Nacio Herb Brown (left) with Arthur Freed
The Brown catalog holds some of the greatest standards from his era. Including "Singin' in the Rain", he also wrote "Temptation", "The Wedding of the Painted Doll", "Eadie Was a Lady", "Pagan Love Song", "All I Do is Dream of You", "You Are My Lucky Star", "I've Got A Feelin' You're Foolin'", "Broadway Melody", "Our Big Love Scene", "A New Moon Is Over My Shoulder", "You Stepped Out of a Dream", "Love Is Where You Find It" and "Make 'Em Laugh". Brown also composed serious music such as "Doll Dance" and "American Bolero". His Stage productions included the Los Angeles production of Hollywood Music Box Revue plus the Broadway production "Take a Chance." Other than Freed, Brown collaborated with Buddy DeSylva, Gus Kahn, Leo Robin and Gordon Clifford. Nacio Brown passed away on September 28, 1964, in San Francisco, CA.
Fashions and Wardrobe
If 1952's smart girls wanted to beat the fashion trend, they went back to the family album and dug out some pictures of their mothers. According to Screen Designer Walter Plunkett, the shape of things to come was shapeless. "We've been gradually drifting back to that low flapper waistline in our vogue for Sloppy Joe sweaters," Plunkett declared. "And while I'll hardly go so far as to advocate the above-the-knee skirt, I will get out on a limb concerning several other fashionable fancies of the roaring '20's."
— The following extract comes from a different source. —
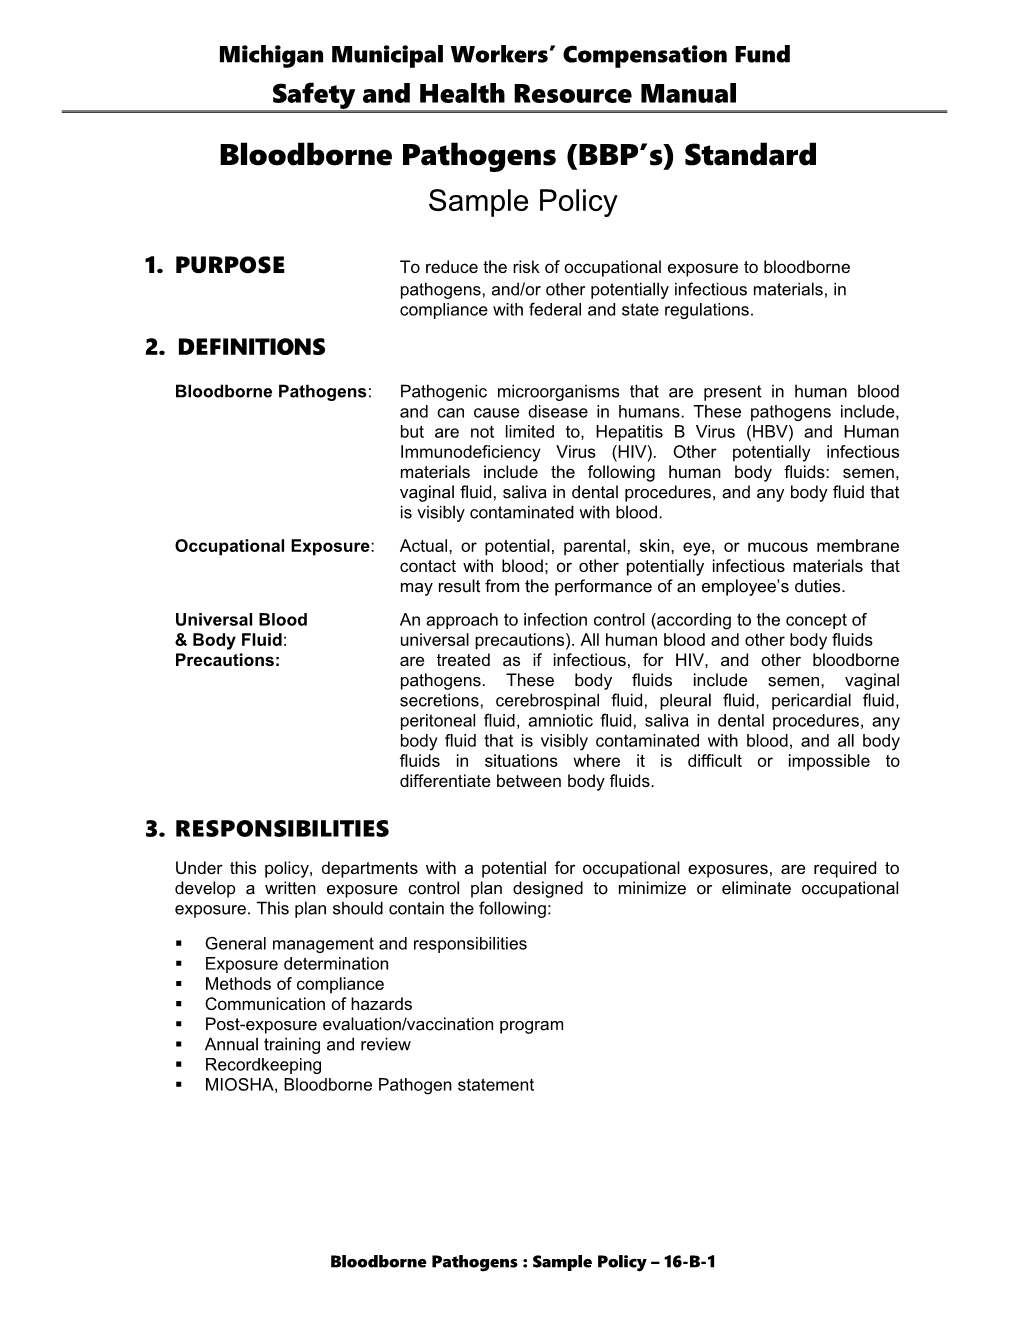 Bloodborne Pathogens (BBP S) Standard

When Mr. Plnnkett was assigned the task of designing 1927 wardrobes for Debbie Reynolds and Jean Hagen, he accepted the job with some foreboding. "In retrospect, it was strictly a comedy era," he says. "Waistlines were just above where the knees ought to be. Skirts consisted of a slightly over-sized ruffle. However, I drew up the designs and we put the sketches into work. After the first fittings, I realized that many of the attributes of this flapper era were worth hanging onto fashion -wise. I don't mean to infer that we were going back one-hundred percent, but I am convinced that the lowered waistline, the all-over beaded evening dress, the pasted-dyed fox furs, the cloche hats and the hose tinted to match shoe tones are ripe for a comeback."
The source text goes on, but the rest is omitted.